- Haza, c. 2008–11
- Born: 25 December 1938 Angelina, San Pedro de Macorís Province, Dominican Republic
- Died: 16 June 2022 (aged 83) Dominican Republic
- Occupations: Operatic soprano; Theatre manager; Voice teacher;
- Awards: Order of the Dominicos of Duarte of Sánchez and Mella; Order of Merit of Italy;

= Ivonne Haza =

Dominican soprano (1938–2022)

Sara María Ivonne Haza del Castillo (25 December 1938 – 16 June 2022) was an operatic soprano from the Dominican Republic. In a career of more than 50 years, she appeared at the National Theatre, and also in the U.S., Puerto Rico, Mexico, and Cuba. She also worked as a voice teacher, director of the National Opera, and speech therapist. She received honours from her home country and Italy, and an honorary doctorate from the Universidad Autónoma de Santo Domingo

==Early life==
Ivonne Haza was born in Angelina, a batey of a sugarcane mill in the San Pedro de Macorís Province on 25 December 1938. Her parents were Luis Felipe Haza González, a Cuban immigrant from Matanzas, and Rita Indiana del Castillo y Rodríguez-Objío. Rita was a granddaughter of Manuel Rodríguez Objío.

==Career==
Haza studied in the Conservatoire of Santo Domingo and debuted on 13 March 1958 as a singer, performing at the Instituto de Señoritas Salomé Ureña, arias from Handel's Messiah, in a chamber concert celebrated in the presence of Rafael Trujillo. In 1961 she studied at the Conservatorio Santa Cecilia in Rome with Elena D'Ambrossio, Inés Alfani-Tellini and Roberto Caggiano. She performed there in Paisiello's Il duelo.
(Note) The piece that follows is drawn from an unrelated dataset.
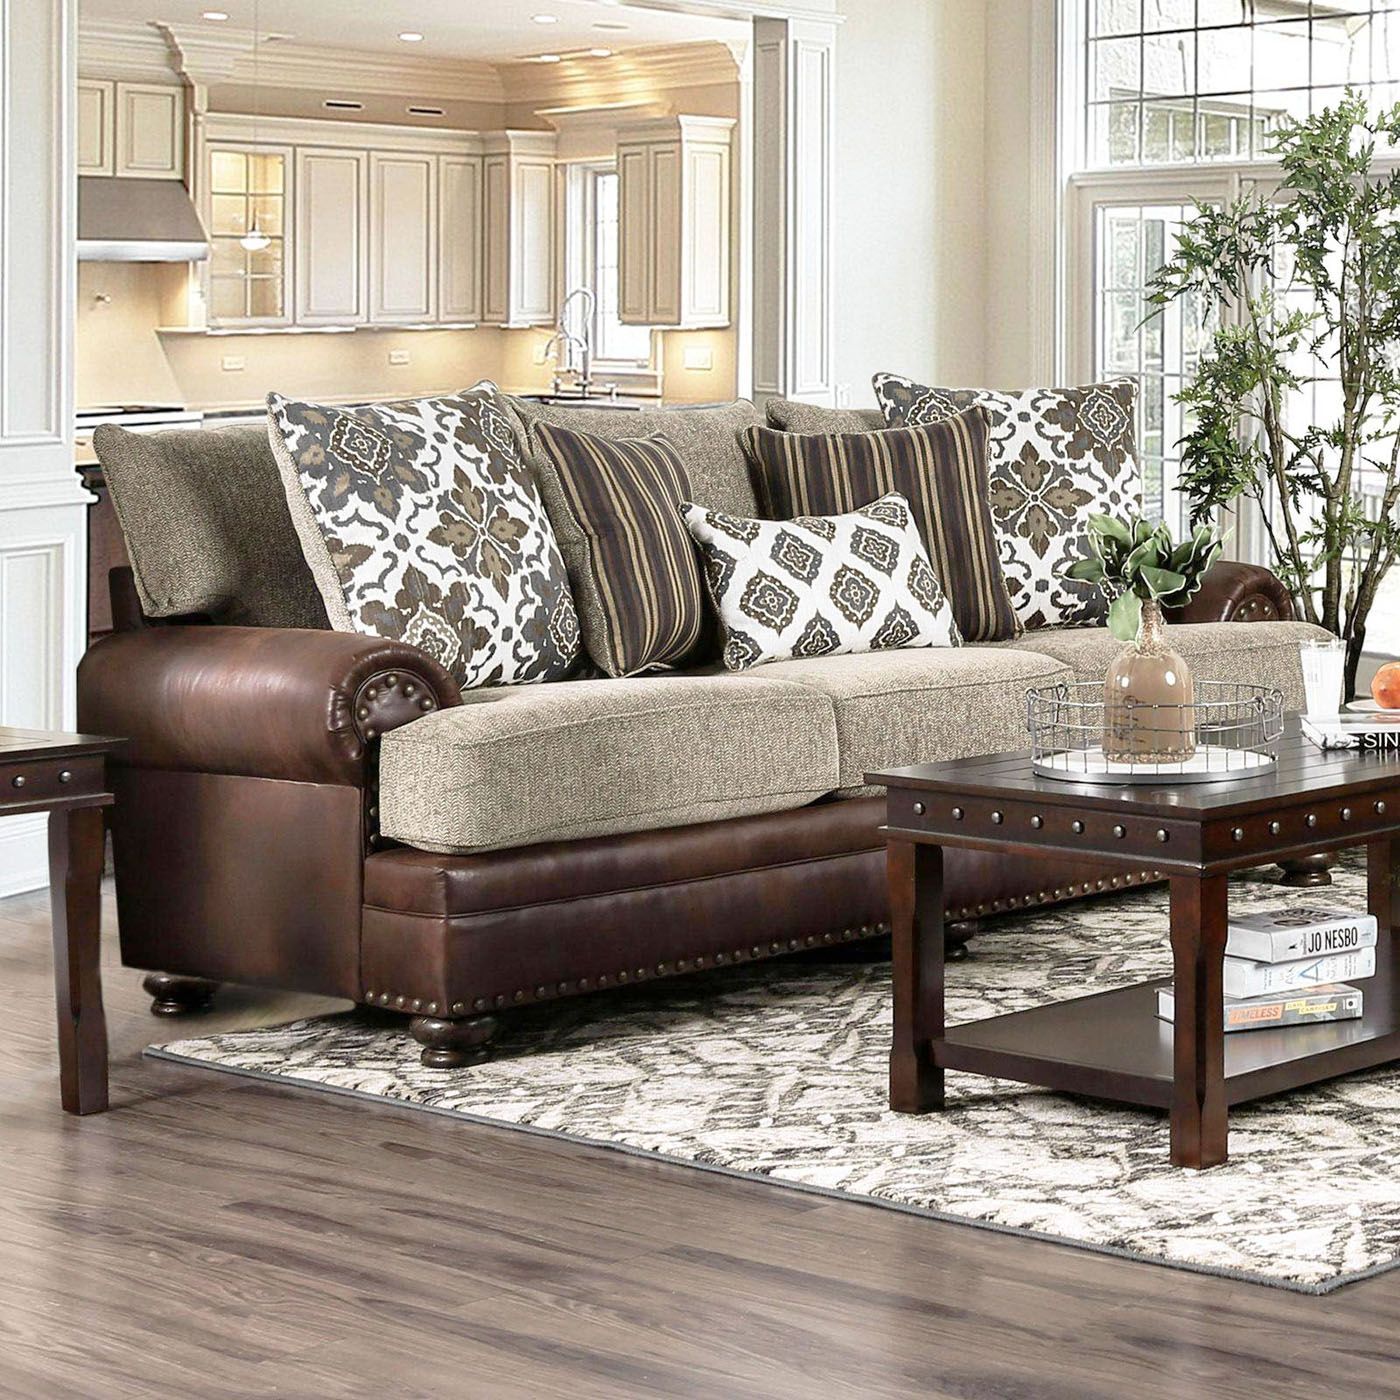 Transitional Two Tone Beige & Brown Sofa Set W/ Rolled Arms & Nailhead Trim Throughout Ecru And Otter Console Tables (View 20 of 20)

Haza's repertoire covers all the genres of vocal music, including opera, operetta, works with orchestra and songs. With the National Symphonic Orchestra of the Dominican Republic she collaborated with Dominican conductors Manuel Simó, Carlos Piantini, Rafael Villanueva, Manuel Marino Miniño, and José Antonio Molina, and with guest directors such as Roberto Caggiano, Carlos Chávez, Enrique García Asencio, Paul Engel and Robert Carter Austin. Among her notable colleagues were Olga Azar, Arístides Incháustegui, Luís Rivera, Roberto Caggiano, Lilliam Columna, Jacinto Gimbernard, Luis Cold Sandoval, Rafael Félix Gimbernard, Rafael Sánchez Cestero, Rafael Félix, Manuel Simó, Dagmar White, Creole Hidalgo, Fausto Cepeda, Luis Cold, Rafael Gil Castro, Vito Castorina, and Enriquillo Cerón.
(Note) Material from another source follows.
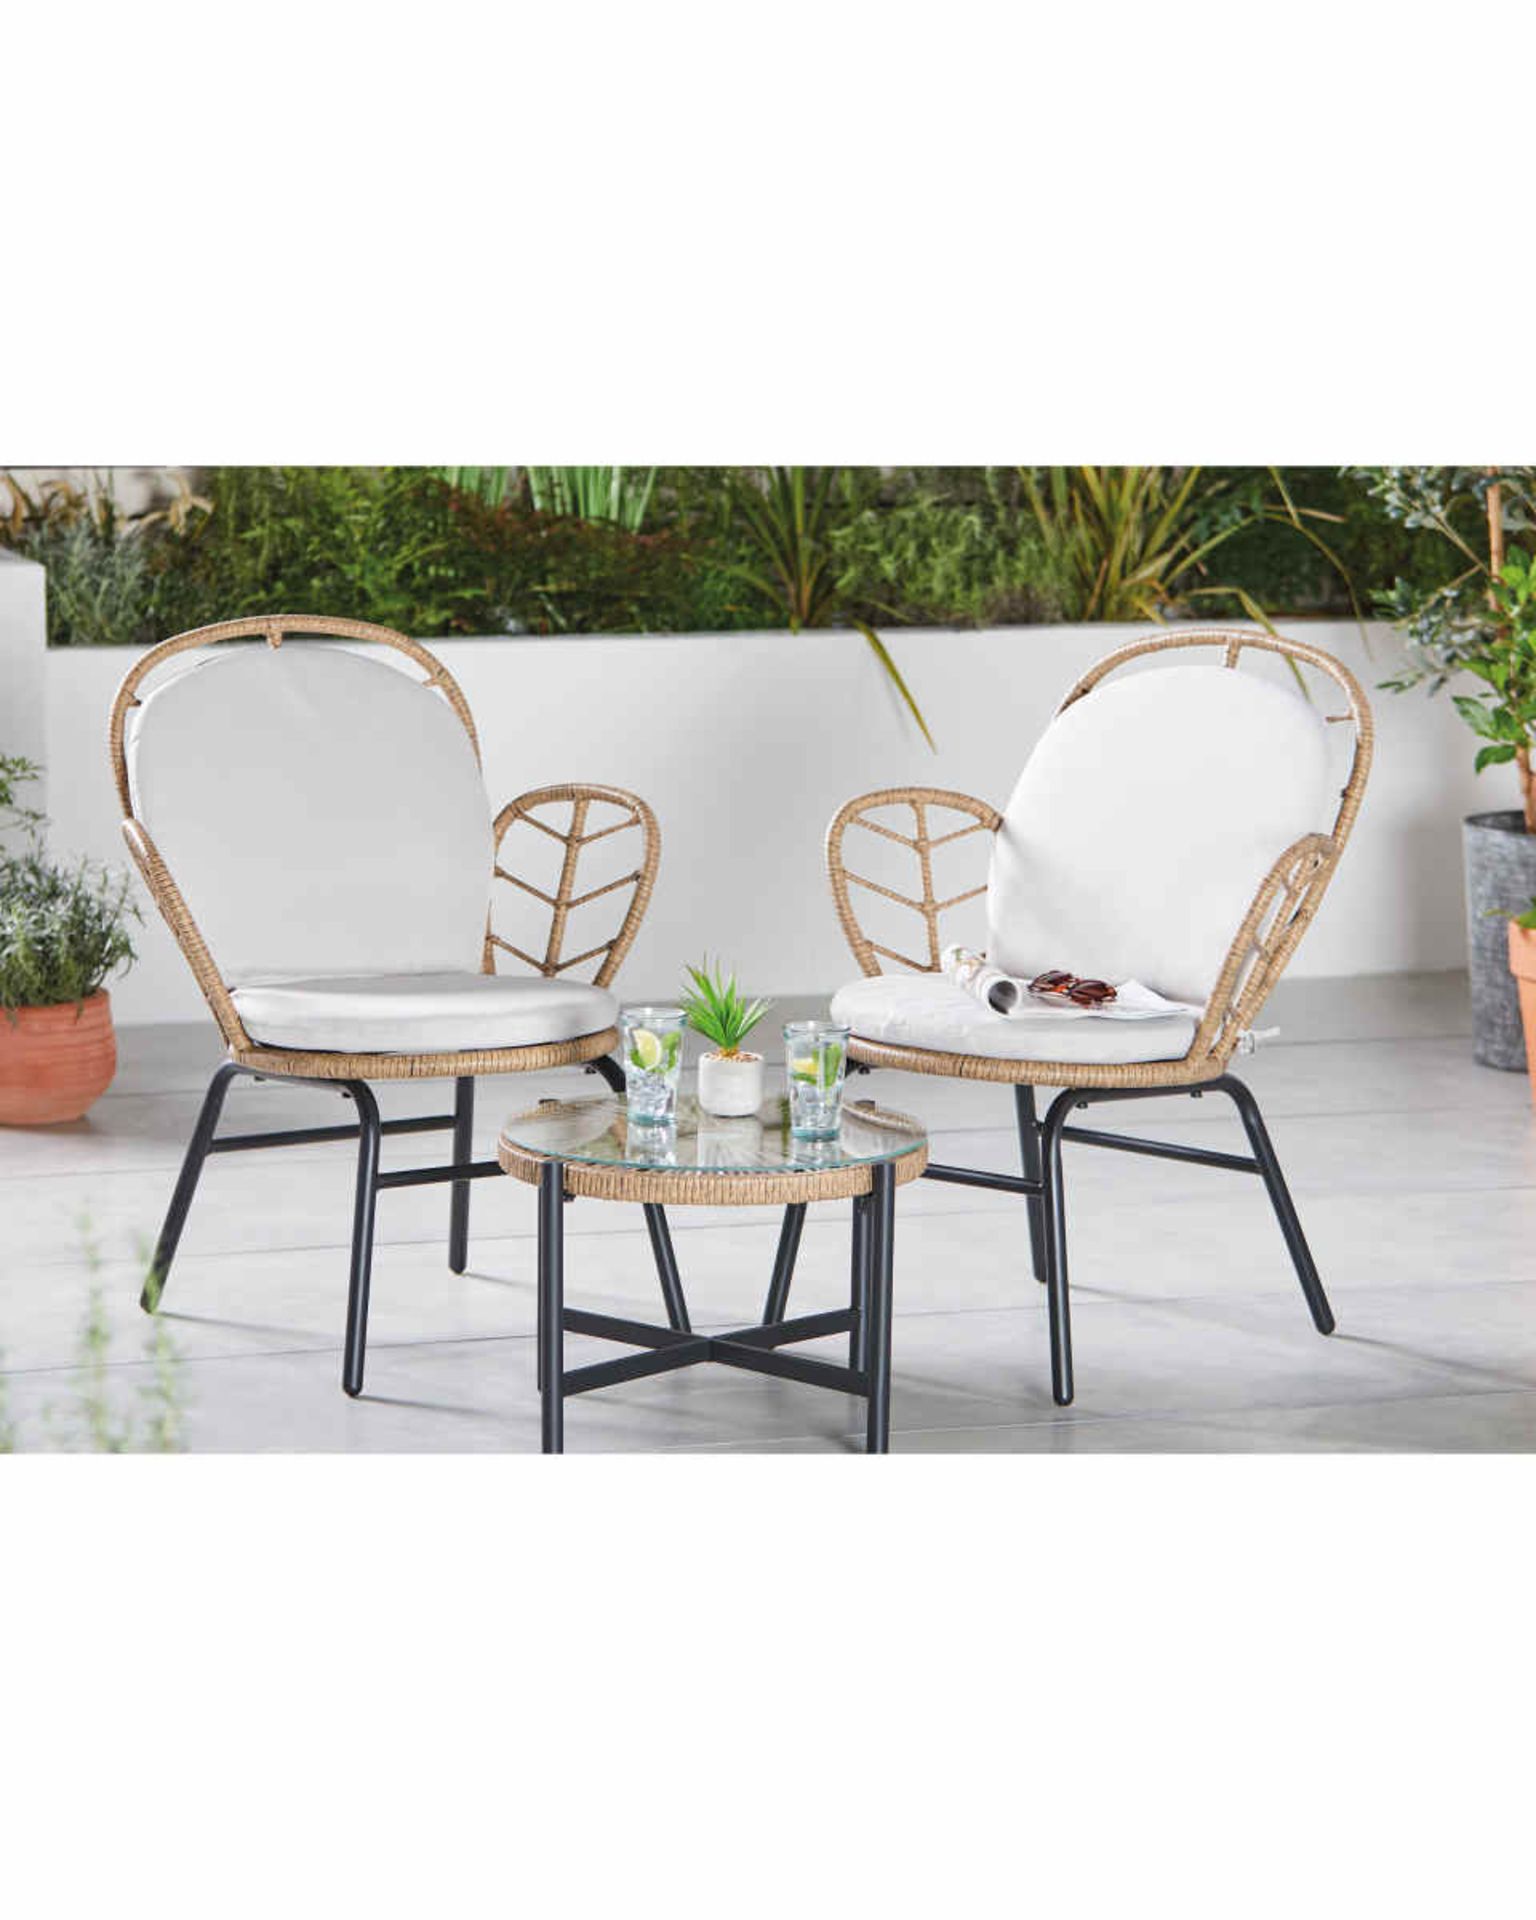 Luxury Petal Rattan Bistro Set. Transform your garden and create a space where you can relax with - Image 3 of 3

Haza sang works by Maurice Ravel, Heitor Villa-Lobos, Lukas Foss, José of Jesús Ravelo, Leo Brouwer and Enrique of Marchena, among others. She played leading roles in operas such as Mascagni's Cavalleria rusticana, Leoncavallo's Los Payasos, and zarzuelas including Torroba's Luisa Fernanda, La leyenda del beso, and El cafetal. Outside of the Dominican Republic, she performed in the United States, Puerto Rico, Mexico, and Cuba. She participated with pianist Manuel Rueda in the Latin Festival-American of the Arts. In 1988, she participated in the Festival Cervantino in Mexico and the Dominican Republic with the pianist María of Fátima Geraldes. That same year she recorded the CDs Entrega (Delivery), Joyas de Navidad (Joy of Christmas) and Sueños (Dreams). On the occasion of her 50th anniversary as a singer, a concert was staged at the National Theatre, conducted by Julio De Windt.
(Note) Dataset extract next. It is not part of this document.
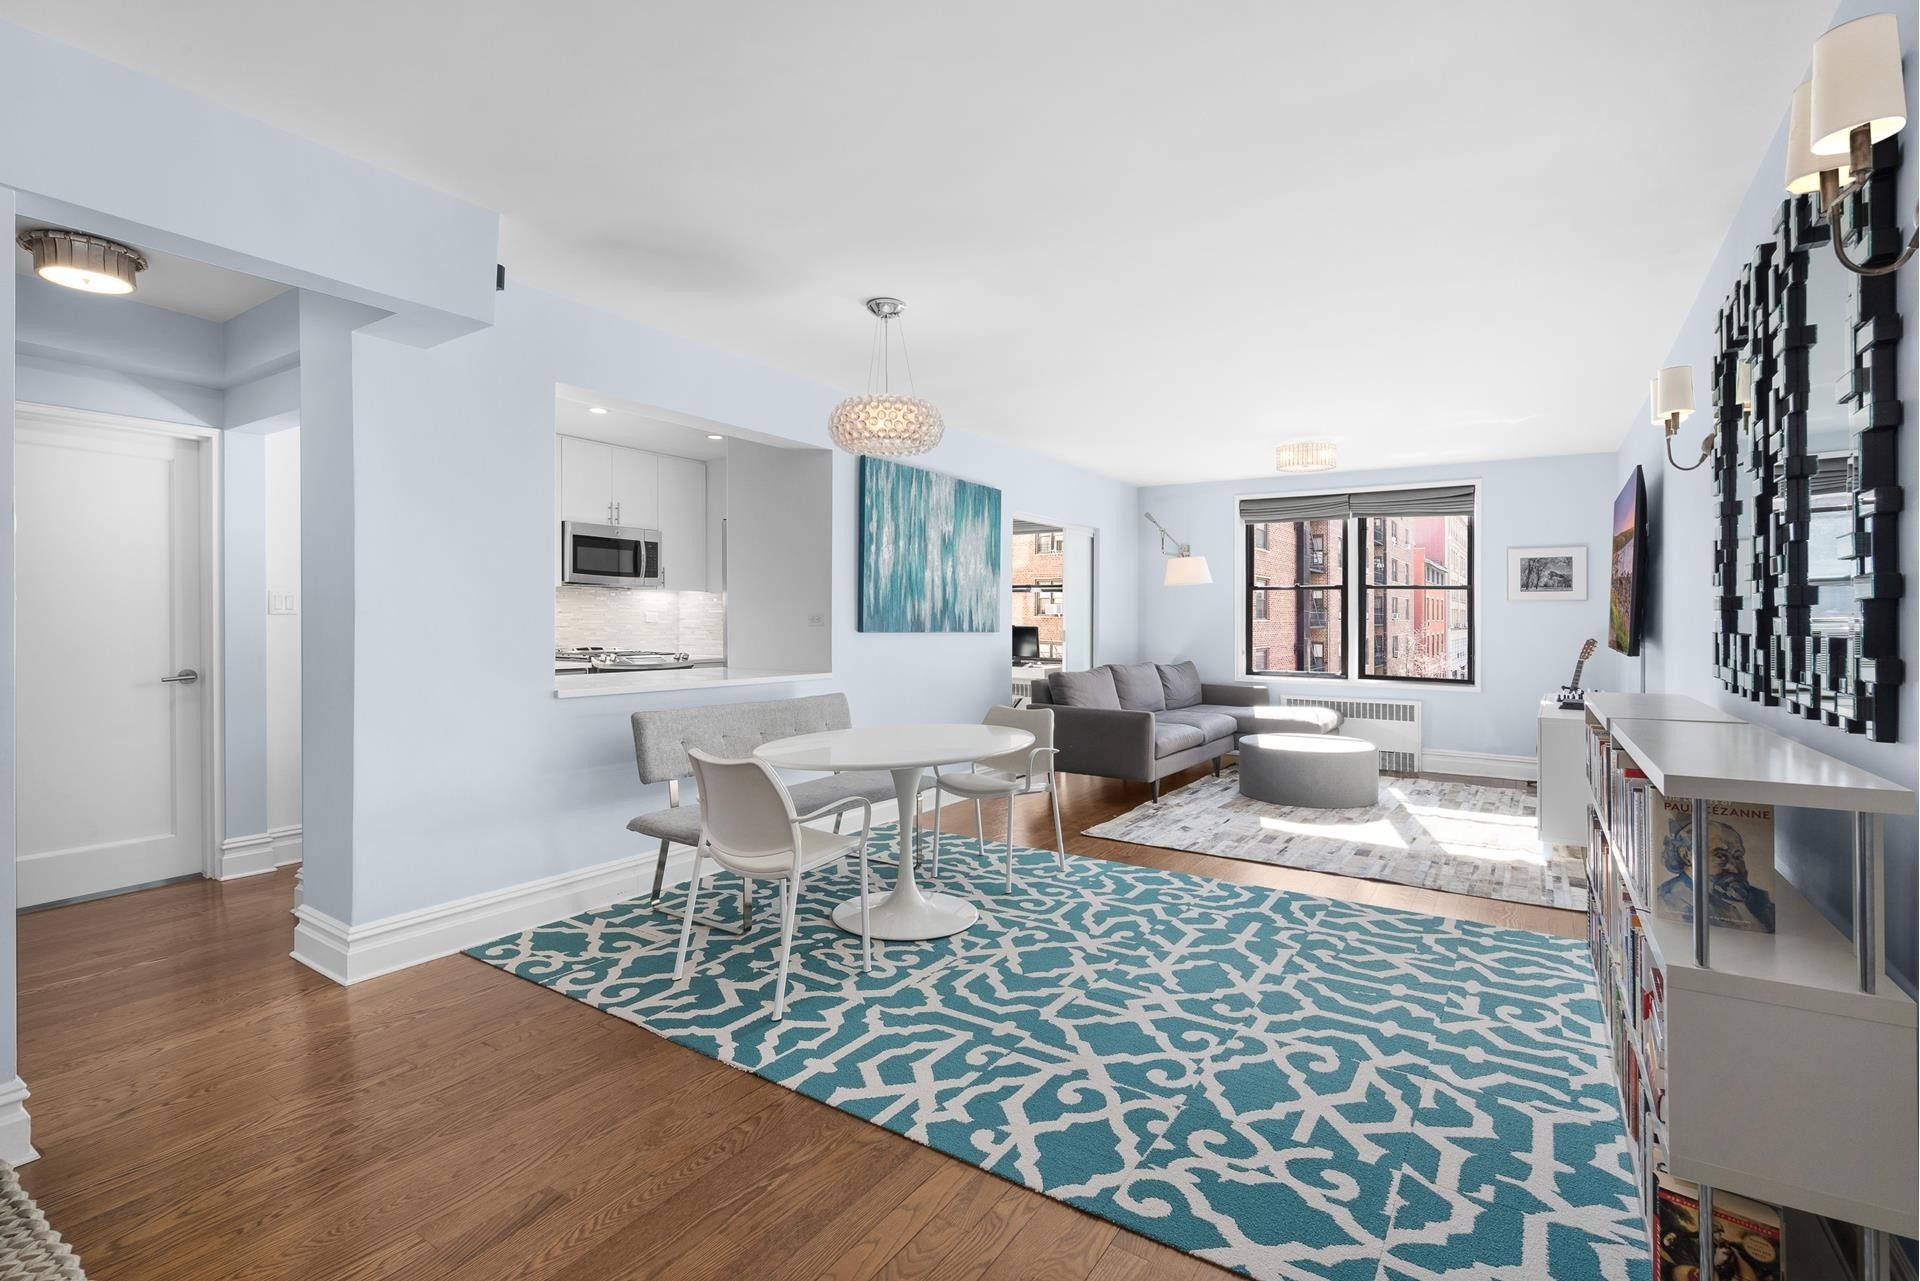 Co-op Properties for Sale at Lafayette, The, 30 E 9TH ST, 4LL Greenwich Village, New York, New York 10003

Additionally, Haza taught during many years in the National Conservatoire of Music, and was artistic director of the National Theatre for five years. She also directed the Lyric Singers of Fine Arts. She also worked as a speech therapist.

A book about Haza and her career, Ivonne Haza: la diva dominicana (The Dominican diva), was published in 2011, presented in a ceremony by the Central Bank of the Dominican Republic which published it. Haza was awarded the Order of the Dominicos of Duarte of Sánchez and Mella of the Dominican Republic and the Order of Merit of Italy. She received an honorary doctorate from the Universidad Autónoma de Santo Domingo.

== Personal life ==

Haza was married to the architect Víctor Bisonó Pichardo (1933–2017); the couple had four children: Vilma Rebeca; Víctor, who became minister of industry and commerce; Marcos; and Rita Ivonne Bisonó Haza. She was aunt of journalist Óscar Haza and grand-aunt of singer Rita Indiana. She was second cousin of banker Alejandro Grullón as the both of them were great-grandchildren of Manuel Rodríguez Objío and his wife María del Rosario Ravelo.

Haza died on 16 June 2022 at age 83.